Suster: What Makes an Entrepreneur? Cojones (2010) - rohunati
http://www.bothsidesofthetable.com/2010/01/05/what-makes-an-entrepreneur-appetite-for-risk-711/?awesm=bothsid.es_aJs&utm_campaign=&utm_content=awesm-publisher&utm_medium=bothsid.es-twitter&utm_source=t.co

======
mindcrime
_I told him to quit his job first. If he wasn’t prepared to do that he wasn’t
a real entrepreneur._

This almost begs for a Wikipedia style {{Citation Needed}} tag. Who says that
you're "not a real entrepreneur" just because you haven't quit your job? I
call bullshit.

Looking at one definition of "entrepreneurship"[1], we get:

 _entrepreneurship is a process of identifying and starting a business
venture, sourcing and organizing the required resources and taking both the
risks and rewards associated with the venture._

So yes, risk _is_ part of the equation. But you can take risks without
quitting your day job. Every dollar you spend on the startup, and every hour
you pour into it, represent risk, since that money and time could have gone
into something (anything) else.

Probably I take this sort of thing too personally, but over the past 2-3
years, I've spent thousand of hours of my life on this startup[2], sacrificed
untold hours of doing "fun" stuff, spending time with family and friends,
going on dates, or really have any life at all outside of the startup. And
while the financial expenditure hasn't been huge, I've spend several thousand
dollars out of my pocket on resources for the startup. But because I still
work some as a consultant, I'm not taking any risk and am not "a real
entrepreneur"? Yeah, kiss my ass.

That said, I'm a fan of Mark Suster and his work, and if we were raising money
and I had the chance to take an investment from Mark, I'd be inclined to do
it.
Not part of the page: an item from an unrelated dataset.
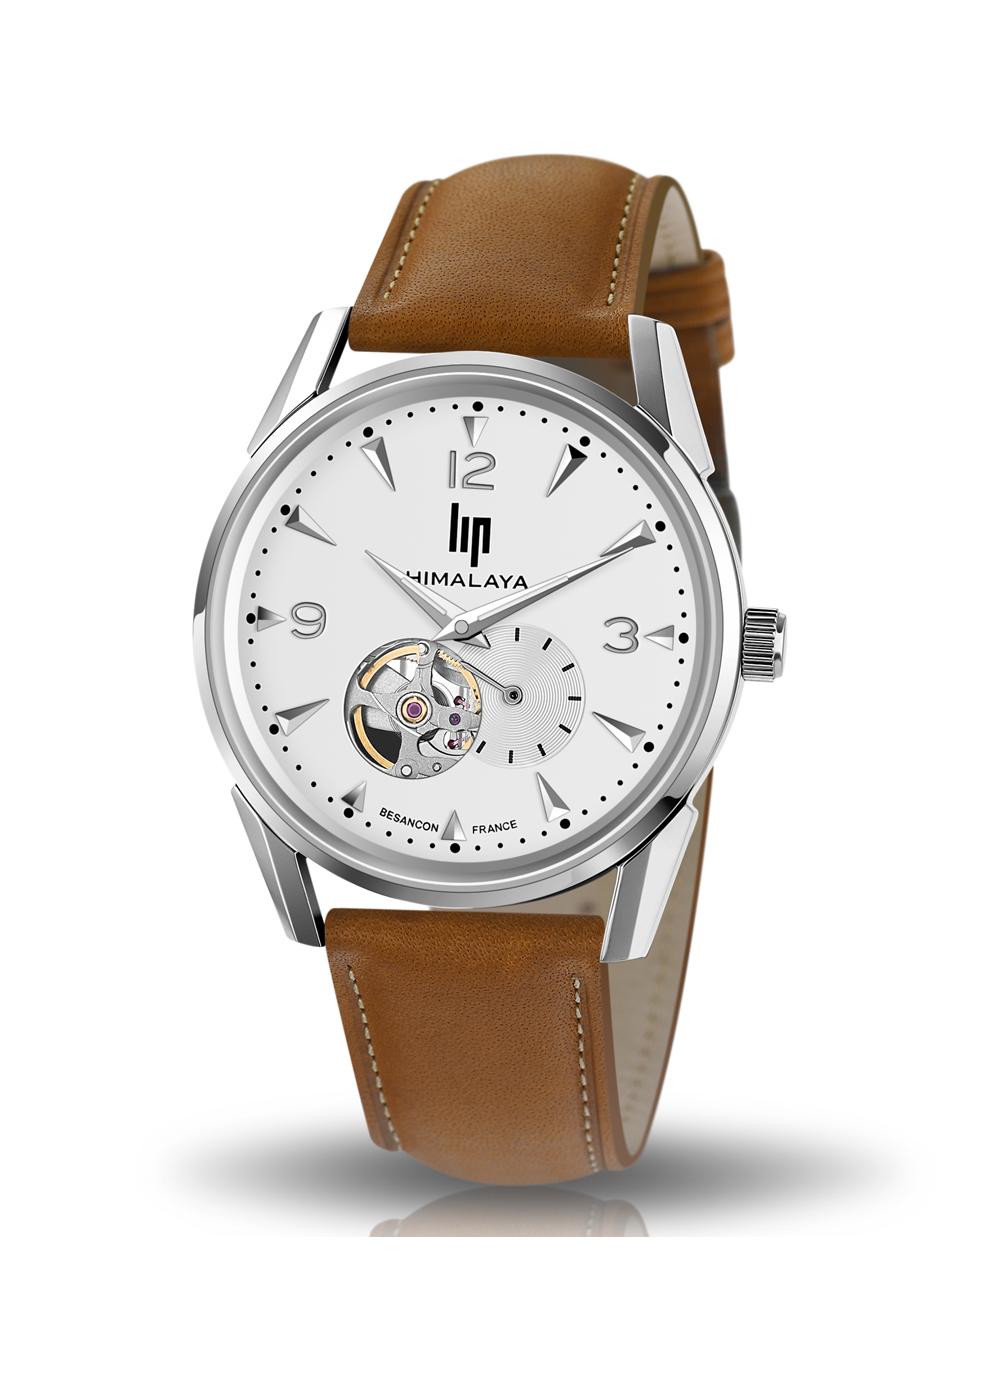 montre Lip, Himalaya 40 mm, cadran blanc, coeur battant, cuir marron, automatique, 671558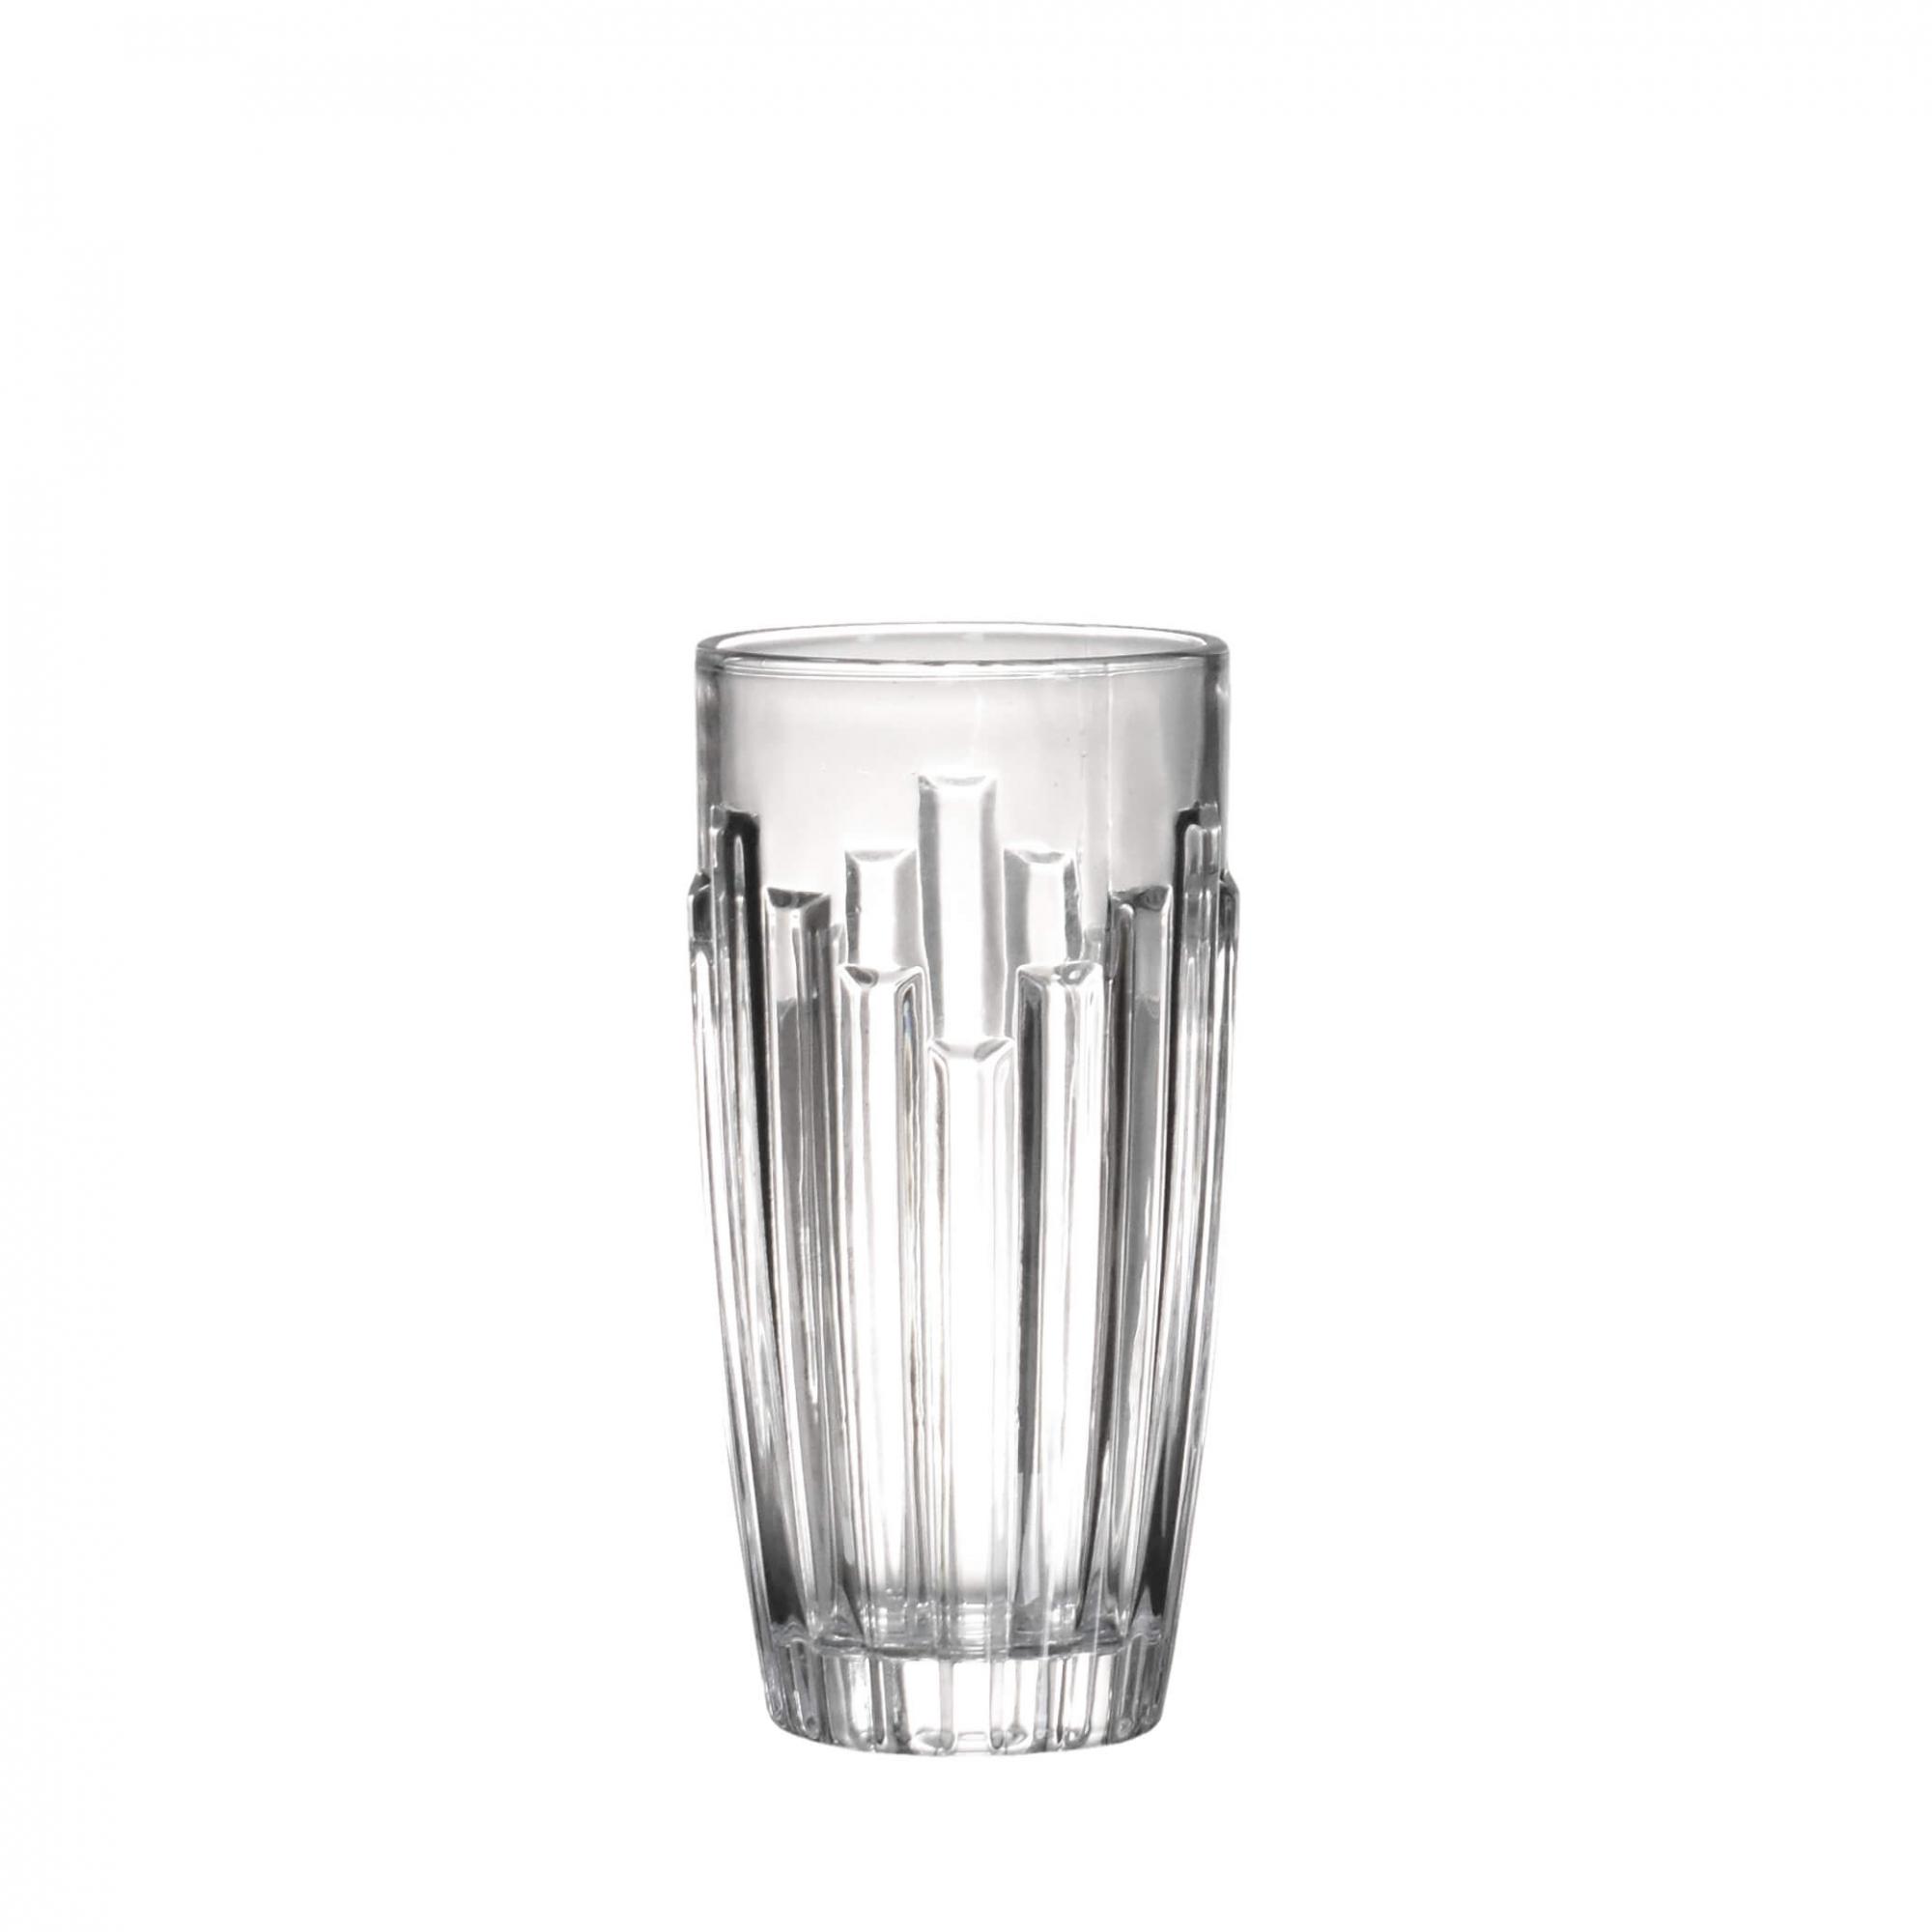 Vasinho de Cristal Toyama 15 Cm

I don't mean "kiss my ass" as a personal attack here, I just mean that I'm
calling bullshit on the idea that you're not a "real" entrepreneur just
because you haven't quit your job (yet).

[1]:
[http://en.wikipedia.org/wiki/Entrepreneurship](http://en.wikipedia.org/wiki/Entrepreneurship)

[2]: [http://www.fogbeam.com](http://www.fogbeam.com)